(SUPPLIED INFORMATION)
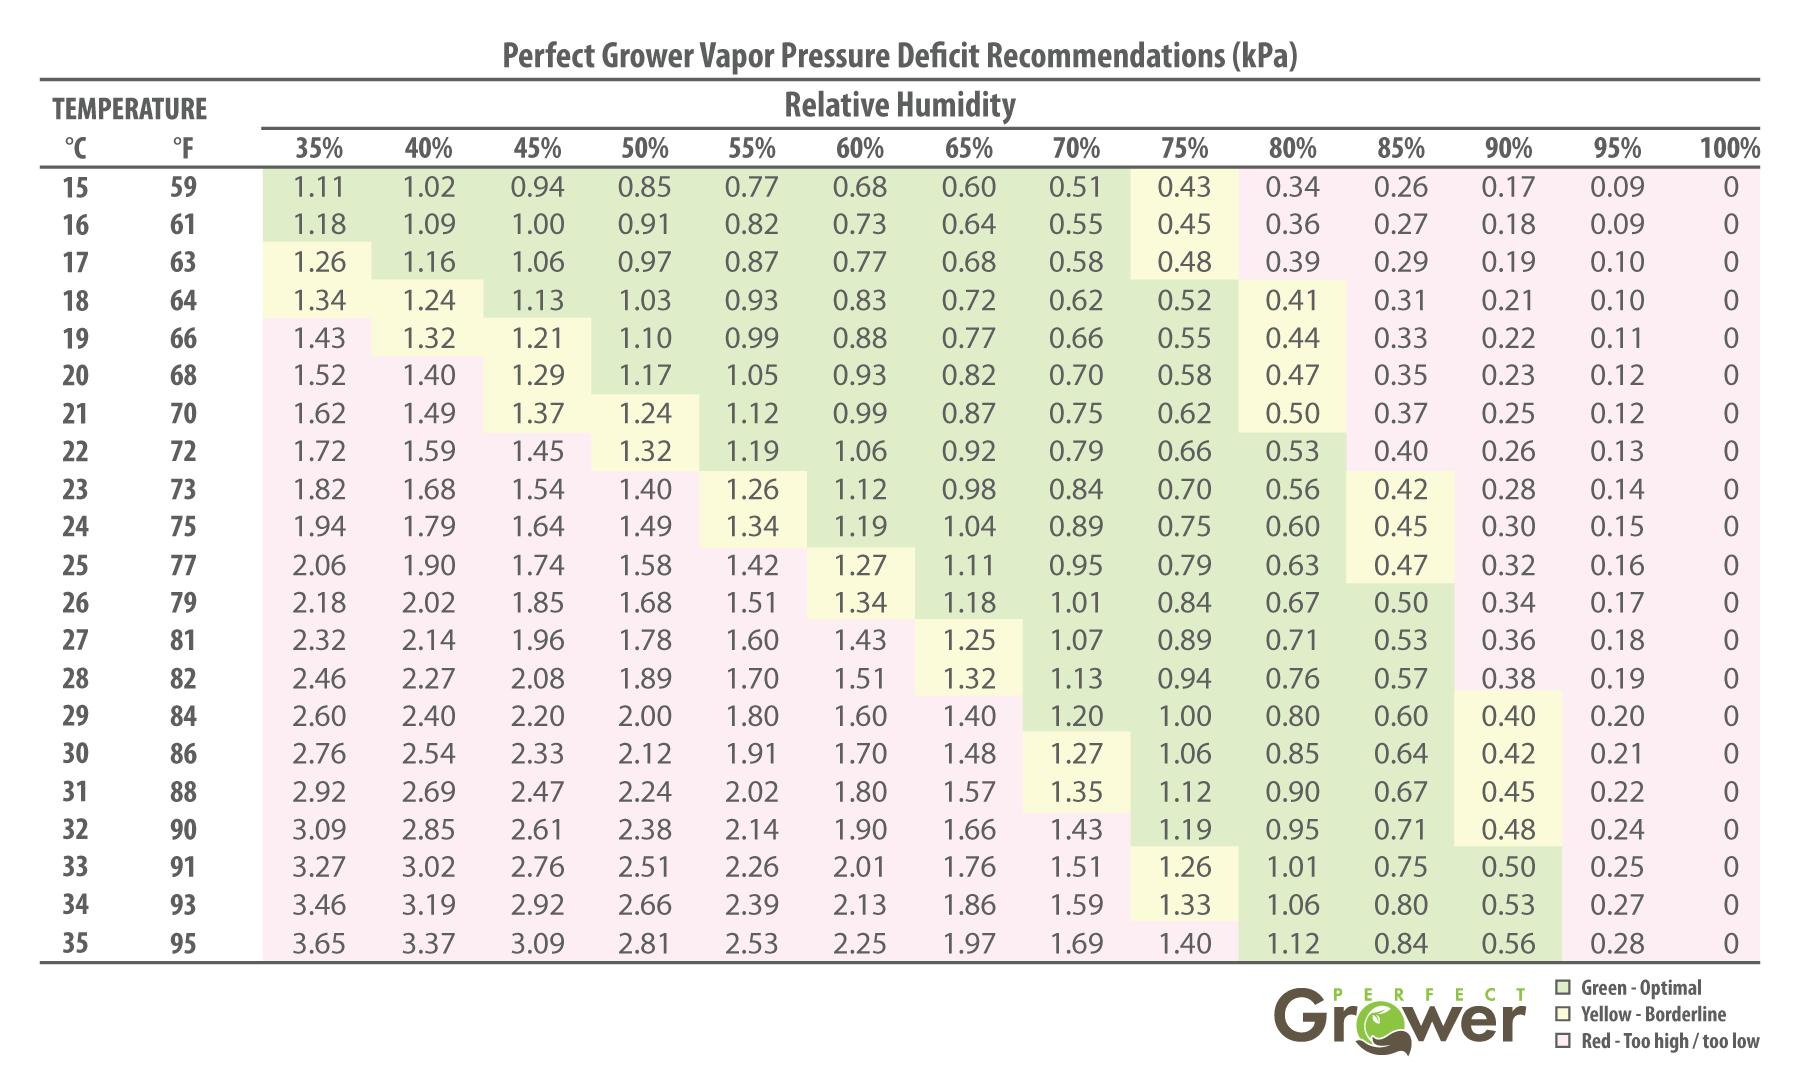 VPD chart - vapor pressure deficit
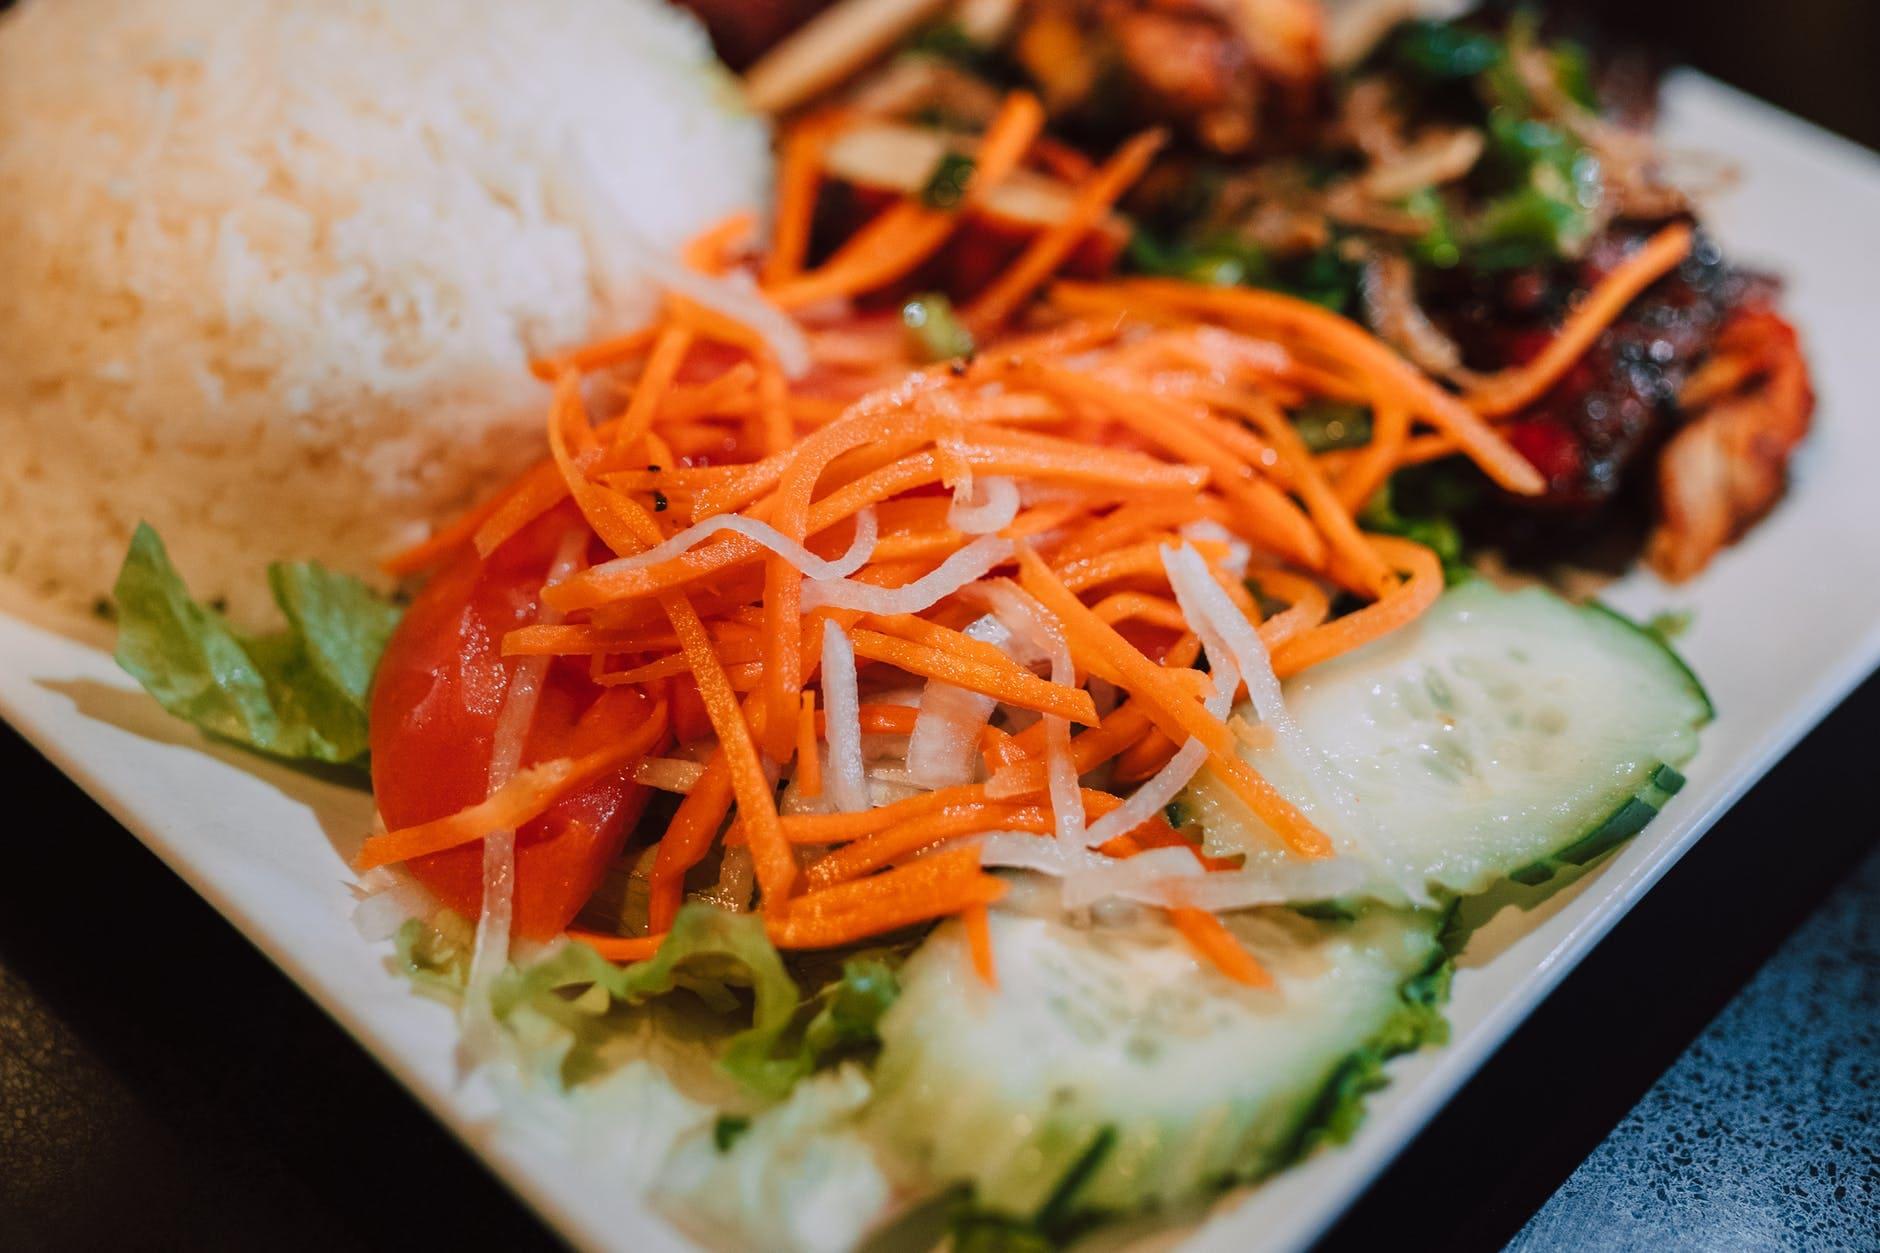 Iranian style carrot salad
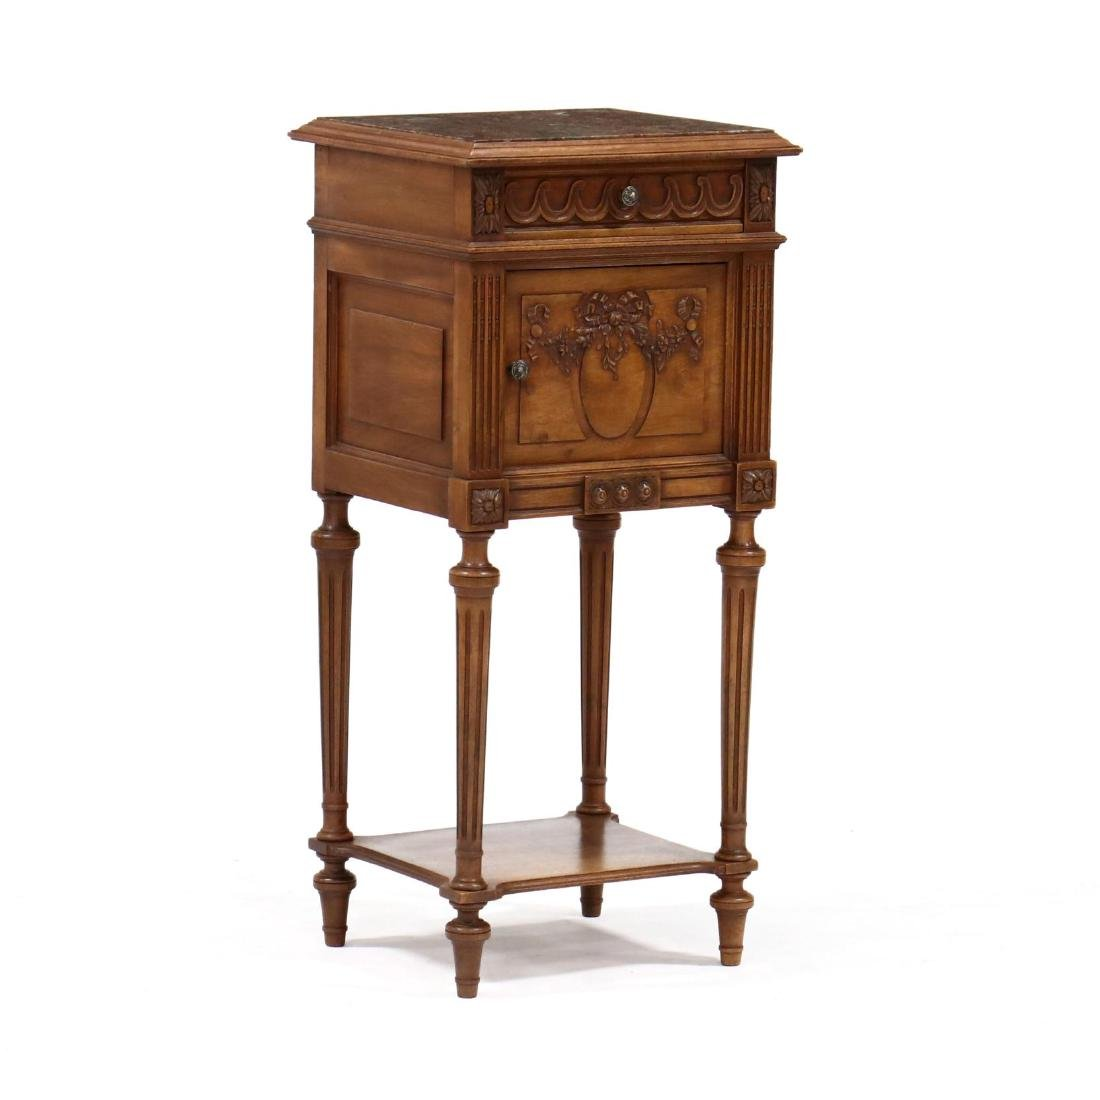 Louis XVI Style Marble Top Smoking Stand

(ABOUT THIS EXERCISE)
Word for word, restate all of the material, omitting the images.

(ANSWER TO THIS TASK)
 VPD chart - vapor pressure deficit
 Iranian style carrot salad
 Louis XVI Style Marble Top Smoking Stand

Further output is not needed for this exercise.